Disable mount plugins

Took me two days to figure out why the filesystem of all docker images I start on the Jetson are messed up: libnvidia-container/mount_plugins.md at jetson · NVIDIA/libnvidia-container · GitHub

How should I deactivate this? Preferably by an argument I can add to docker run --gpus all.
Worst case I have to delete the *.csv files in /etc/nvidia-container-runtime/host-files-for-container.d/ for each Jetson in our CI…
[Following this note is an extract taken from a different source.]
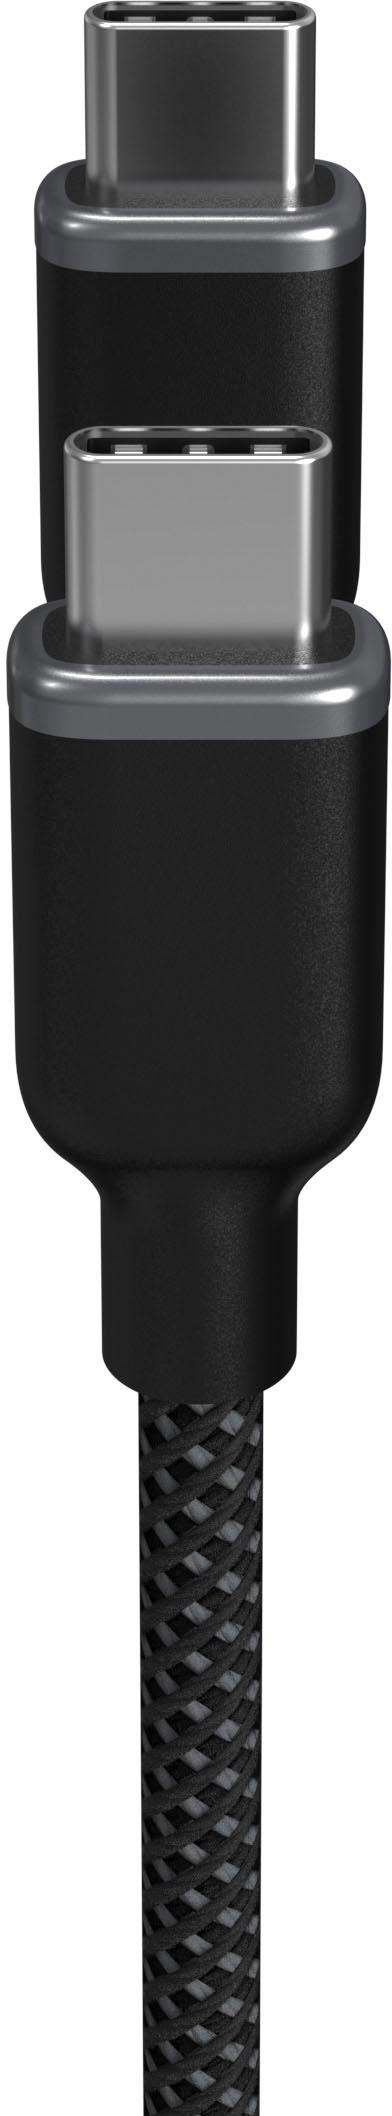 mophie Charge Stream USB-C to USB-C 3m/10ft Cable - 60W Power Delivery,  Enduraflex Silicone, Ultra-Durable Braided Design for Everyday Use

EDIT: apparently those files are provided by nvidia-container-csv-cuda, and without them, CUDA does not work inside the container

Hi,

Could you explain more about your question?
Do you want to enable GPU access without using nvidia runtime?

If yes, please check the following topic:

Thanks.

So our Situation is this:
We are in the process of migrating from CUDA 10.0 and libtorch 1.4.0 + cudnn7 to CUDA 10.2 and TensorRT7 + cudnn8.
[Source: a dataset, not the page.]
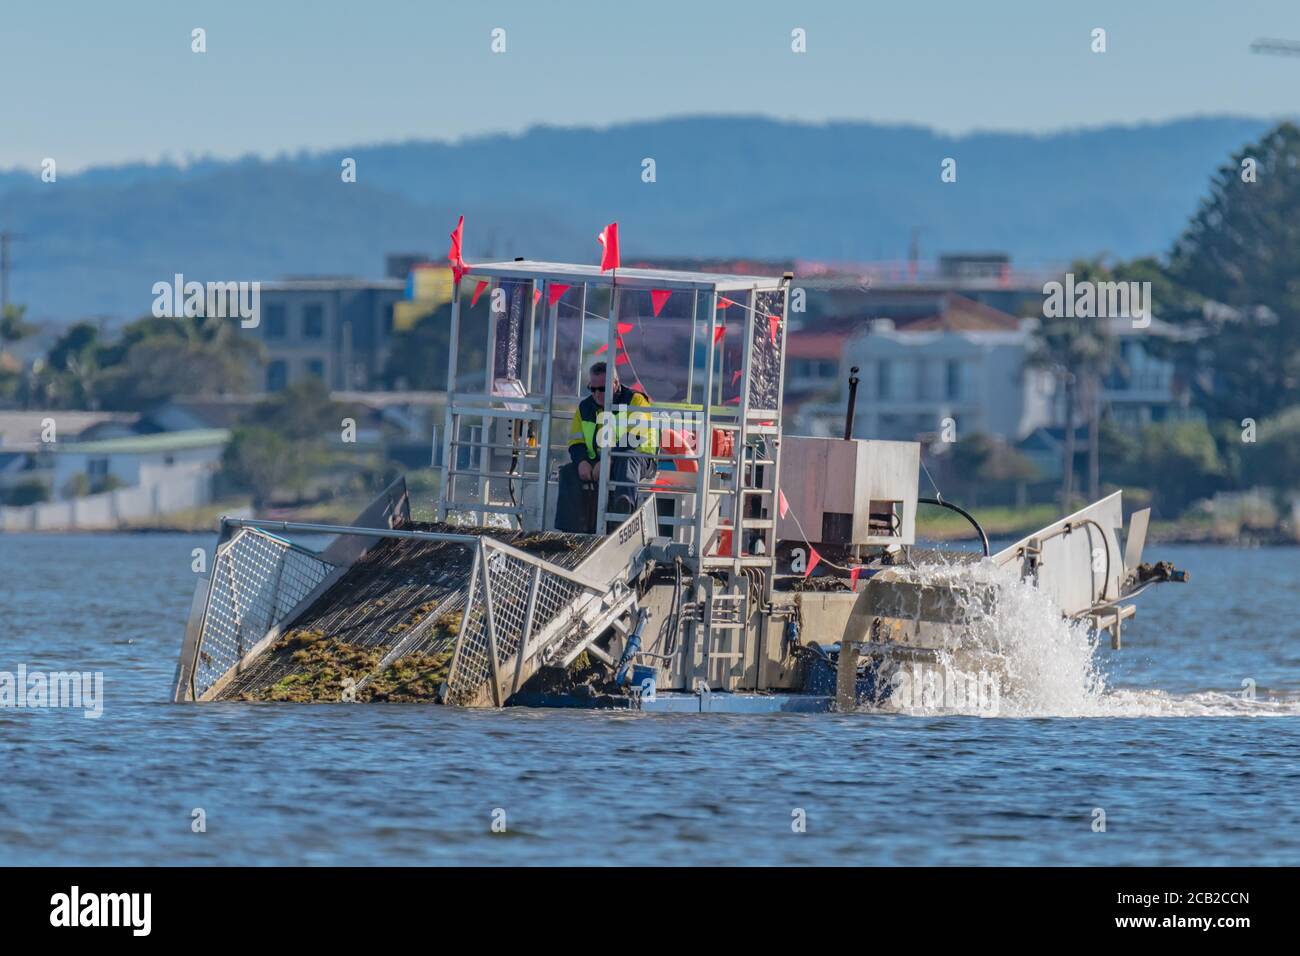 Seaweed harvesting and clean up on Lake Tuggerah at the Central Coast of NSW, Australia. Stock Photo

Our CI has 6 Jetson AGX, and we want to use a dockerized environment. If we use Jetpack 4.4, and due to the “design decision” to mount files from the host OS into the docker to save space, we get an unwanted dependency to the host OS. Ideally the content of the docker image is defined by the Dockerfile ONLY, and no other files get pushed into the image.

When building and running our current code (CUDA 10.0 and libtorch 1.4.0 + cudnn7) in a nvcr.io/nvidia/l4t-base:r32.2.1 base image on the AGX, we hit the following torch bug: Linux libtorch c++ cmake not compatible with newer versions of cuDNN (for Caffe2) · Issue #40965 · pytorch/pytorch · GitHub

This is because in addition to the installed cudnn7 from the Dockerfile (see below), we also get cudnn8 files from the host OS :-(

Dockerfile

# https://ngc.nvidia.com/catalog/containers/nvidia:l4t-base
FROM nvcr.io/nvidia/l4t-base:r32.2.1
...
RUN wget https://nvidia.box.com/shared/static/ncgzus5o23uck9i5oth2n8n06k340l6k.whl -O torch-1.4.0-cp36-cp36m-linux_aarch64.whl
RUN pip3 install setuptools==42.0.2 wheel==0.34.2
RUN pip3 install numpy==1.17.4
RUN pip3 install torch-1.4.0-cp36-cp36m-linux_aarch64.whl

RUN apt-key adv --fetch-key https://repo.download.nvidia.com/jetson/jetson-ota-public.asc
RUN echo "deb https://repo.download.nvidia.com/jetson/common r32 main" >> /etc/apt/sources.list
RUN apt-get update && apt-get install -y --no-install-recommends \
    cuda-toolkit-10-0 \
    libcudnn7-dev && \
    apt-get clean && \
    rm -rf /var/lib/apt/lists/*

Hi,

Not sure if I understand your question correctly.

Our L4T docker will mount libraries ( ex. CUDA, cuDNN, …) from the host.
So you will have the same CUDA version between container and host.

It do possible to separate the CUDA version from the host.
However, CUDA toolkit has some dependencies to the GPU driver.
This will limit you to run other CUDA library except from original supported one on the Jetson.

Thanks.

Yes, you understood correctly, I want to decouple the dependency to the host as much as possible, to be able to run different cudnn and CUDA versions INSIDE the docker.

Right now we install cudnn7 additionally inside the docker image, and it seems it works so far.